6. Сцены с Фукусимой были необходимы как связь времен — прошлого и настоящего. «Чтобы вся история не казалась современному зрителю чем-то вроде «300 спартанцев», — рассуждает Бондарчук. — Также в первом варианте монтажа у нас было видно лицо героя, этого сына пяти отцов, но затем мы решили его убрать. Пусть зритель сам трактует, чей он сын». Еще, конечно, авторам нужно было как-то выйти из этой локальной военной истории и вообще сбить наше внимание и ожидание.

7. С музыкой в фильме все интересно. Бондарчук давно хотел поработать с Анджело Бадаламенти, еще после Дэвида Линча. Но композитор ушел в подполье, из которого вышел не так давно, и Фёдор тут же набрал его номер телефона. Также он хотел пригласить Rammstein на немецкую музыкальную часть и даже позвонил фронтмену группы Тилю Линдеманну, который тут же дал согласие со словами, что нельзя упускать второй шанс поработать в русском кино (первым был «Особо опасен!» Бекмамбетова). Но затем Бондарчук осознал две вещи: уже все, кто мог, использовали «Раммов» в кино, плюс немцы, огонь, Сталинград и Rammstein получались вообще гремучей адской смесью. Вот так бедные немцы не получили в российском кинематографе и второго шанса.

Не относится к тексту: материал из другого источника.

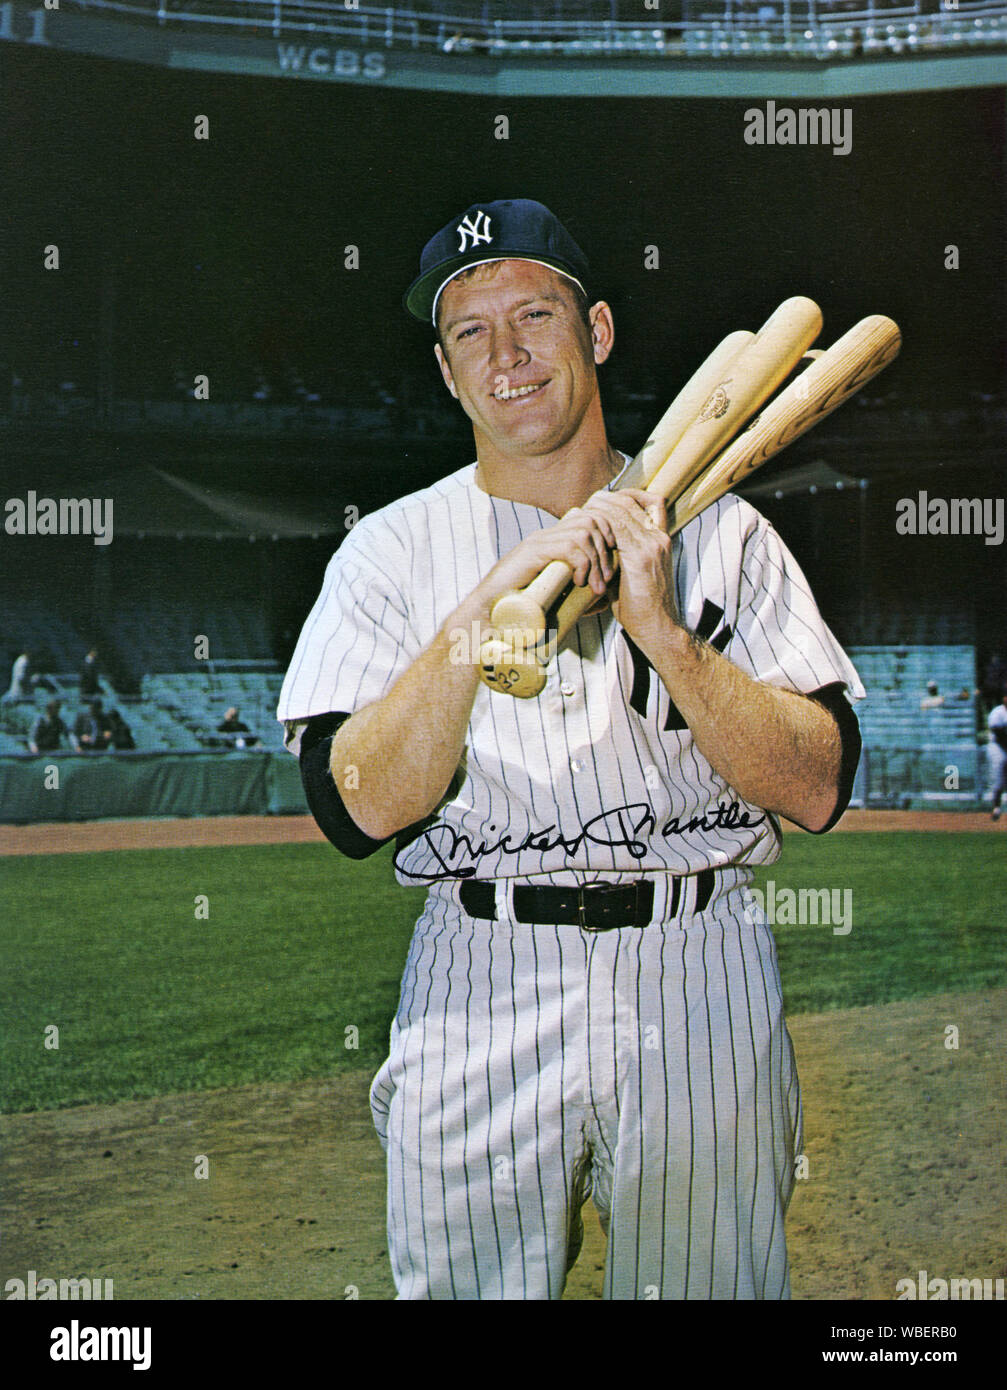 Pose photo de Mickey Mantle le légendaire joueur de baseball des Yankees de New York dans les années 1950 et 1960. Banque D'Images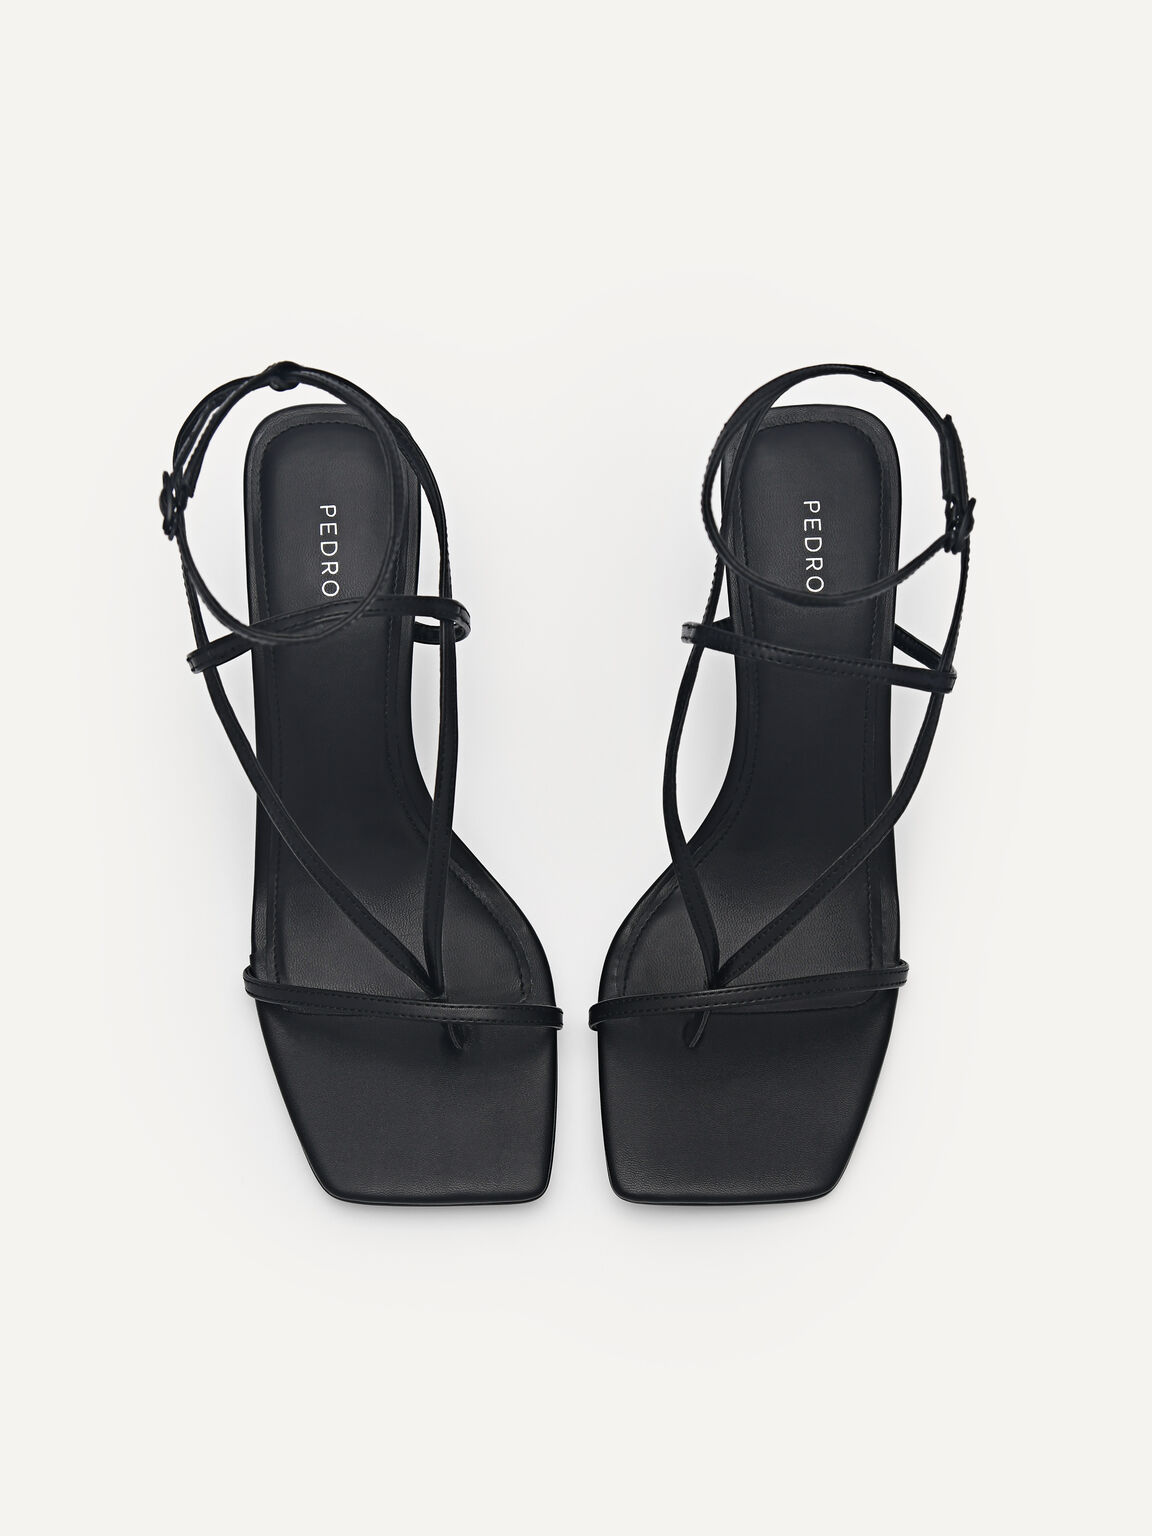 Jatte Heel Sandals, Black, hi-res

8. С Земфирой и Цоем тоже было интересно. Бондарчук листал стихи Цоя и сразу же увидел «Легенду», которая, по его мнению, идеально подходит смыслу и теме картины. Начал думать, кто может ее спеть — первое, что пришло в голову: Земфира (Капитан Очевидность ликует). Пригласил Земфиру и Ренату Литвинову на встречу с Бадаламенти. Великому старцу описал певицу как наших Джима Моррисона и Курта Кобейна. Началось общение и притирки. Рената Литвинова бегала вокруг и говорила Бондарчуку: «Федечка, надо что-то делать, этот старик не понимает ничего!». Затем Земфира начала играть песню на рояле, Бадаламенти подсел — в общем, сработались. Певица и Литвинова уехали домой трудиться, и через какое-то время от Ренаты раздается звонок: «Федечка, нам нужны колокола в ми». Выяснилось, что колоколов с таким звучанием в России нет вообще. С большим трудом звукорежиссер картины нашел один такой колокол в Киево-Печерской лавре, записал звучание и отправил Земфире. Через 2 дня от Литвиновой (она продюсер певицы, вы же уже поняли?) раздается звонок: «Федечка, это не тот колокол, он не вселенский!». Кто видел фильм, тот уже в курсе: колоколов в песне так и не было.